My Aiden, my boy, my love. He'll be 5 this July.


Just my girls  


Playing chase


Carm loves her stick...A lot.


She's also very classy


And Tulah is 18 weeks old already!


----------



## LaRen616 (Mar 4, 2010)

:wub:
:wub:
:wub:


----------



## ZoeD1217 (Feb 7, 2014)

They're beautiful! I am.... impressed with that first picture! I can hardly get a pic of one pup. 
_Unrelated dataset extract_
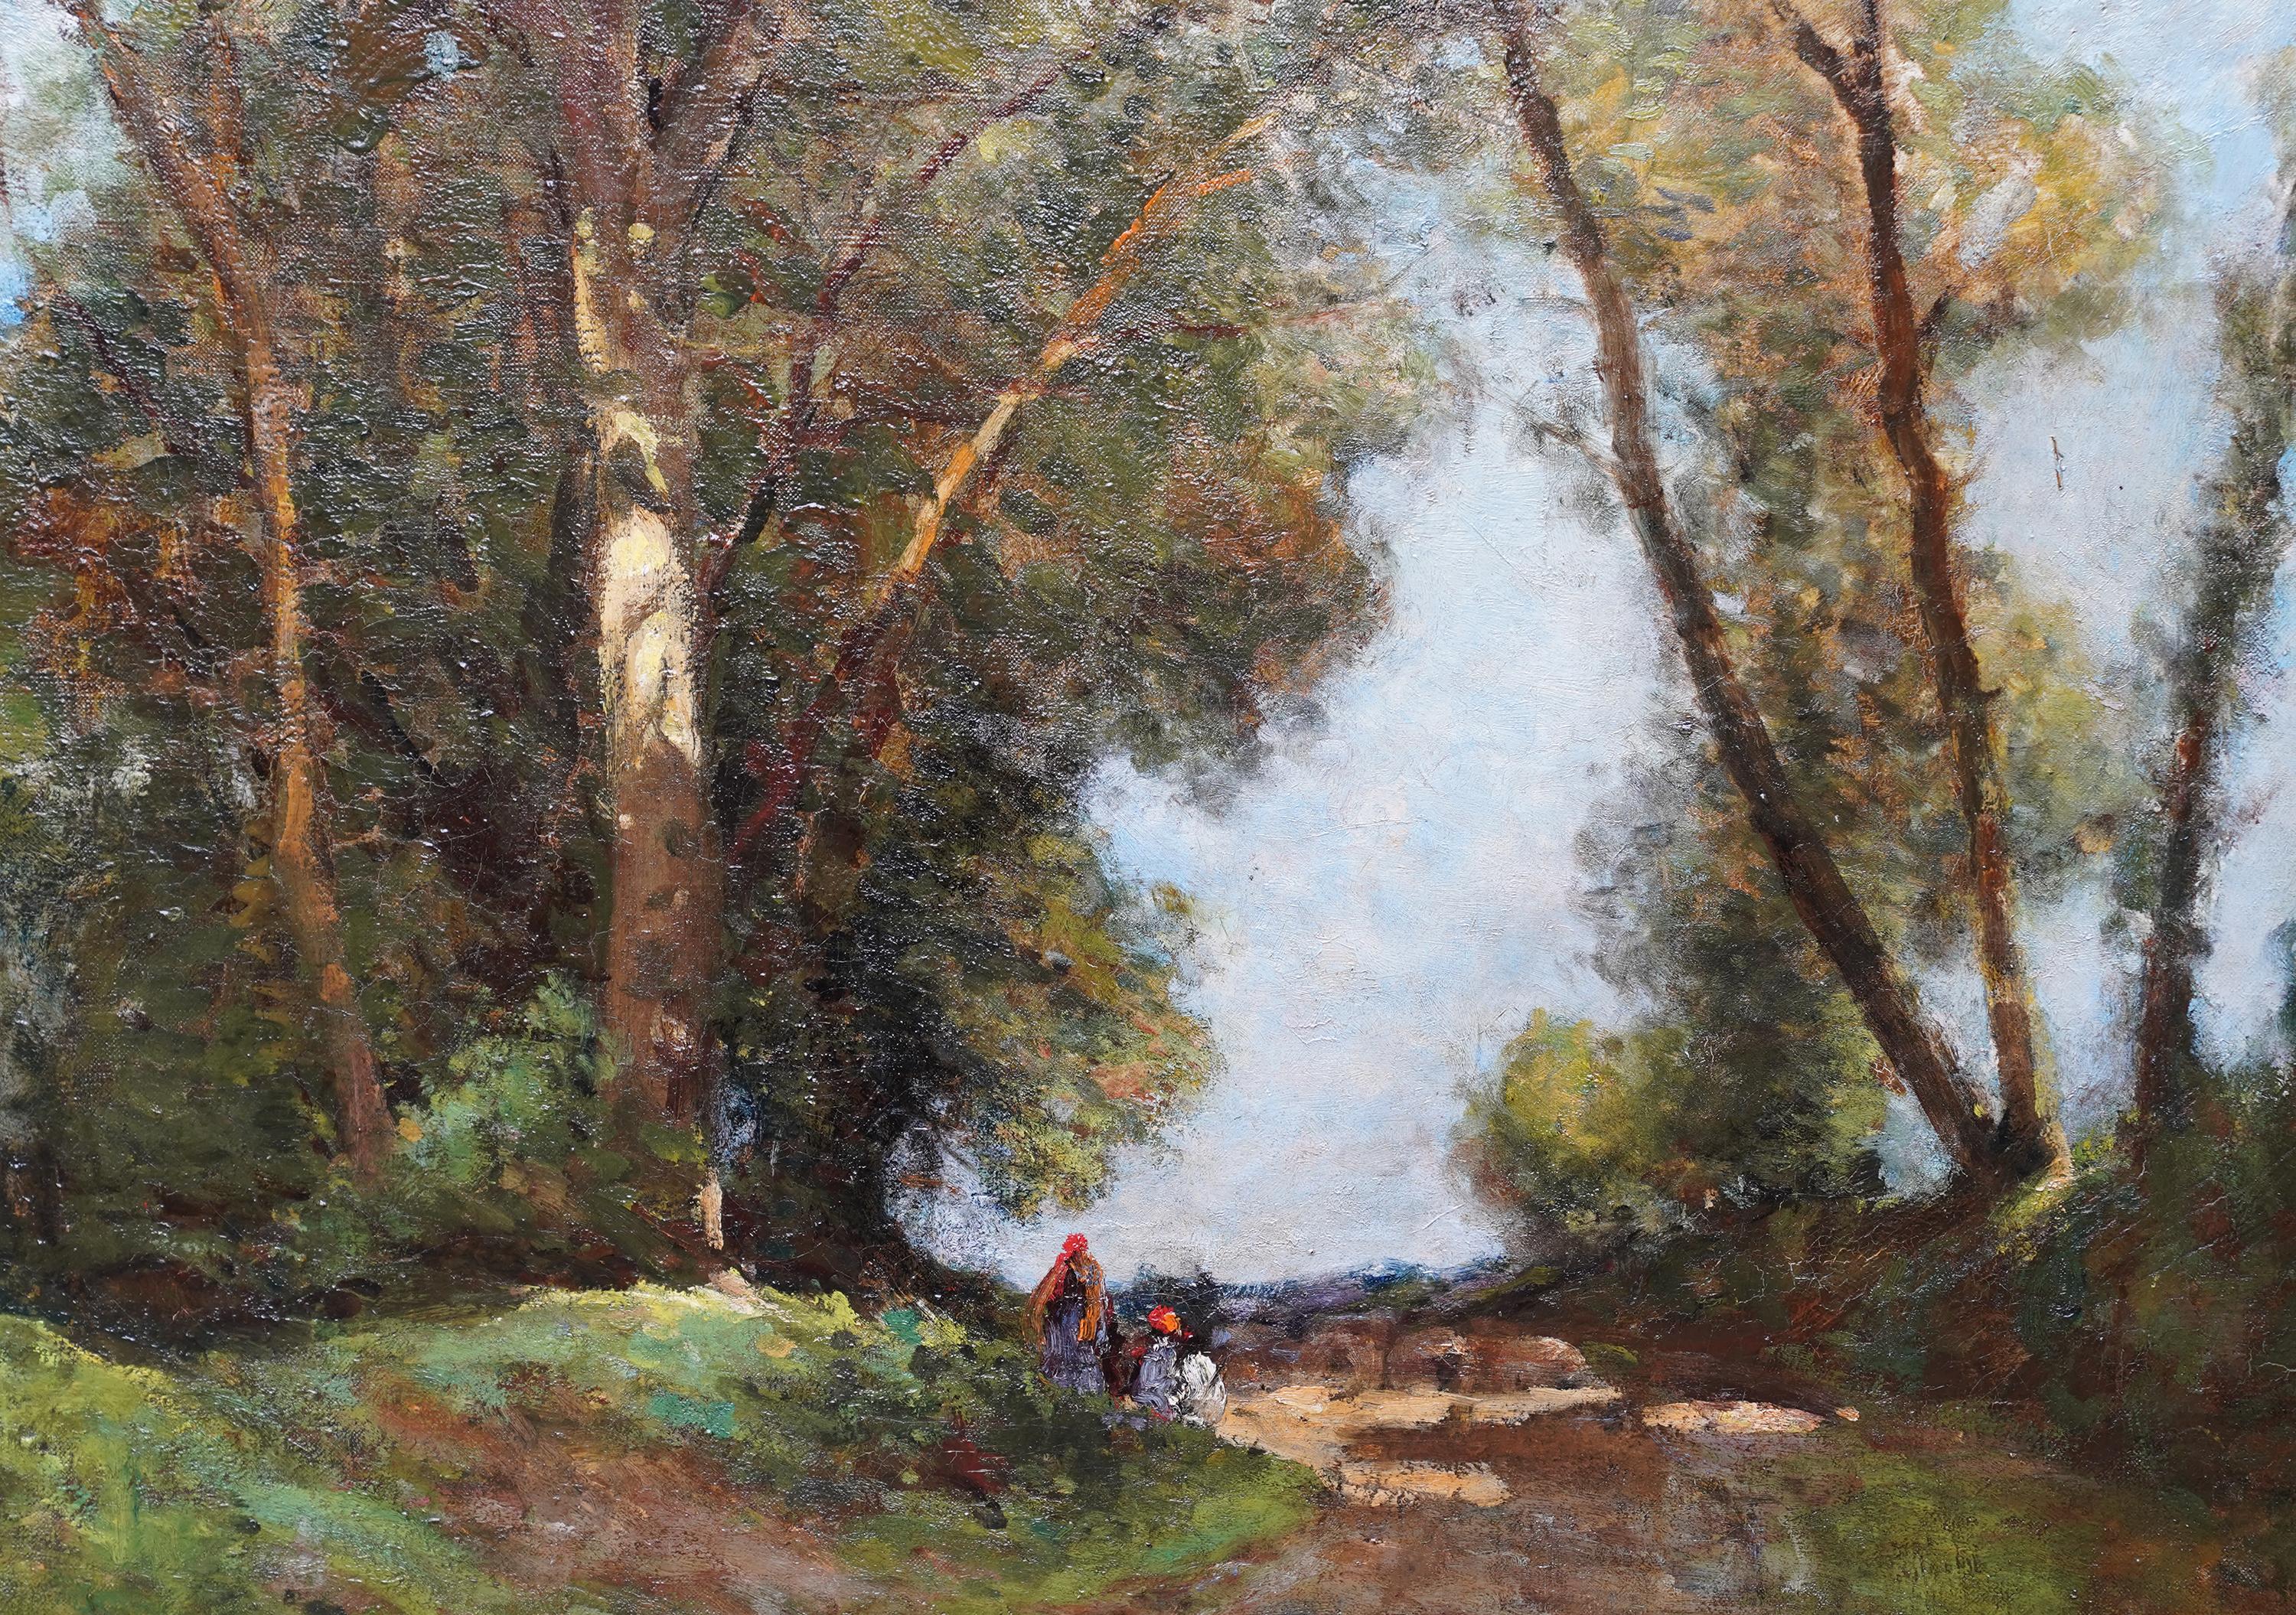 This charming British Edwardian oil painting is attributed to the circle of Tom Mostyn. Painted circa 1910 it is a wooded landscape with figures stopping to rest on a path bathed in dappled sunlight. Above them stand majestic trees stretching up to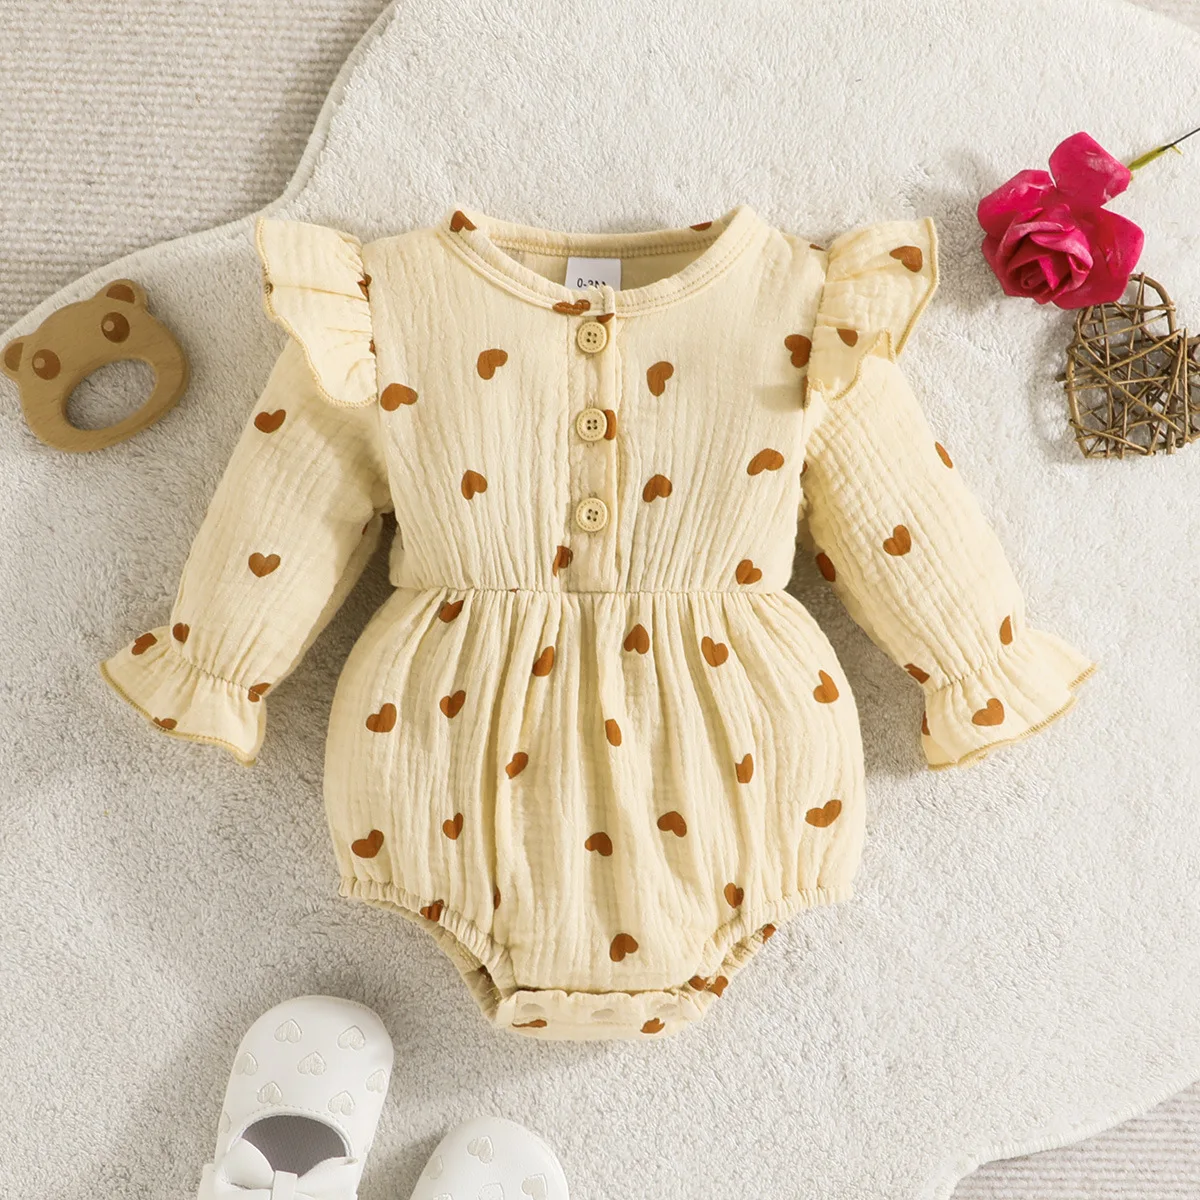 

Newborn Casual Clothing Baby Girls Long Sleeve Round Neck Heart Print Romper Toddler Bodysuits For 3-18 Month

Sent from Petguide.com Free App


----------



## Zeeva (Aug 10, 2010)

OMG! *falls over*

Beautiful c:

That 'classy' picture; if that isn't the biggest smile I've ever seen on a pup!!! Lol...


----------



## GatorDog (Aug 17, 2011)

ZoeD1217 said:


> They're beautiful! I am.... impressed with that first picture! I can hardly get a pic of one pup.
> 
> Sent from Petguide.com Free App


Thanks! I think they're just getting used to holding positions when the camera is out now 



Zeeva said:


> OMG! *falls over*
> 
> Beautiful c:
> 
> That 'classy' picture; if that isn't the biggest smile I've ever seen on a pup!!! Lol...


LOL She is a bit crazy  Thanks!


----------



## Lark (Jan 27, 2014)

Beautiful! Those are amazing pictures. My dog is handsome, but for some reason when I take a picture he ends up looking like a big weasel.


----------



## Bear GSD (Apr 12, 2012)

Great pictures, I think you have all your "lines" just about covered?


----------



## Mala (Feb 12, 2014)

What a beautiful pack! I wouldn't dare come close ?


Sent from Petguide.com Free App


----------



## glowingtoadfly (Feb 28, 2014)

Wow. Absolutely gorgeous.


----------



## Shade (Feb 20, 2012)

Wonderful photos :wub:


----------



## Vaks (Dec 30, 2011)

oh wow!!!!!!!!!!!!!


----------



## KirstenS (Sep 2, 2013)

GatorDog said:


> My trifecta
> 
> She's also very classy


My favorite :laugh: Your dogs are gorgeous!


----------



## LaRen616 (Mar 4, 2010)

Alexis, all you need now is a Belgian Shepherd


----------



## Scout's Mama (Oct 30, 2013)

I agree that the dogs are gorgeous.

Can I also mention that your subject line sounds like the beginning of a bad joke?
"A WL-GSD, a SL-GSD and a Mal walk into a pet store..."


----------



## Daisy&Lucky's Mom (Apr 24, 2011)

Love the pictures. Like to pick a favorite but i love them all! As always gorgeous pups! Tulah's serious pose should be titled the Thinker.


----------



## GatorDog (Aug 17, 2011)

Thank you everyone!



Scout's Mama said:


> I agree that the dogs are gorgeous.
> 
> Can I also mention that your subject line sounds like the beginning of a bad joke?
> "A WL-GSD, a SL-GSD and a Mal walk into a pet store..."


LOL I was originally going to go with "A stock coat, a long coat and a brown dog"


----------



## d4lilbitz (Dec 30, 2013)

Beautiful pack! Amazing picture...my favorite is the first one, but they are all really good! They all have such intense expressions in each! Great photos!!!!


----------



## Redrider469 (Jul 19, 2013)

Wow, what beautiful dogs. Lucky you!!


----------



## Gwenhwyfair (Jul 27, 2010)

Put me in the 'wow' what a beautiful pack, group of folks!

Thanks for sharing.


----------



## VonKromeHaus (Jun 17, 2009)

Love them!! 

Sent from Petguide.com Free App


----------



## Okie2 (Aug 23, 2010)

All the pictures are great....but that first picture is FANTISITC!!!!!!


----------



## KathrynApril (Oct 3, 2013)

Wonderful photos!

Sent from Petguide.com Free App


----------



## Kahrg4 (Dec 19, 2012)

Scout's Mama said:


> Can I also mention that your subject line sounds like the beginning of a bad joke?
> "A WL-GSD, a SL-GSD and a Mal walk into a pet store..."


hahaha I had the same thought. Fantastic pics. Miss Tulah is growing like a weed!


----------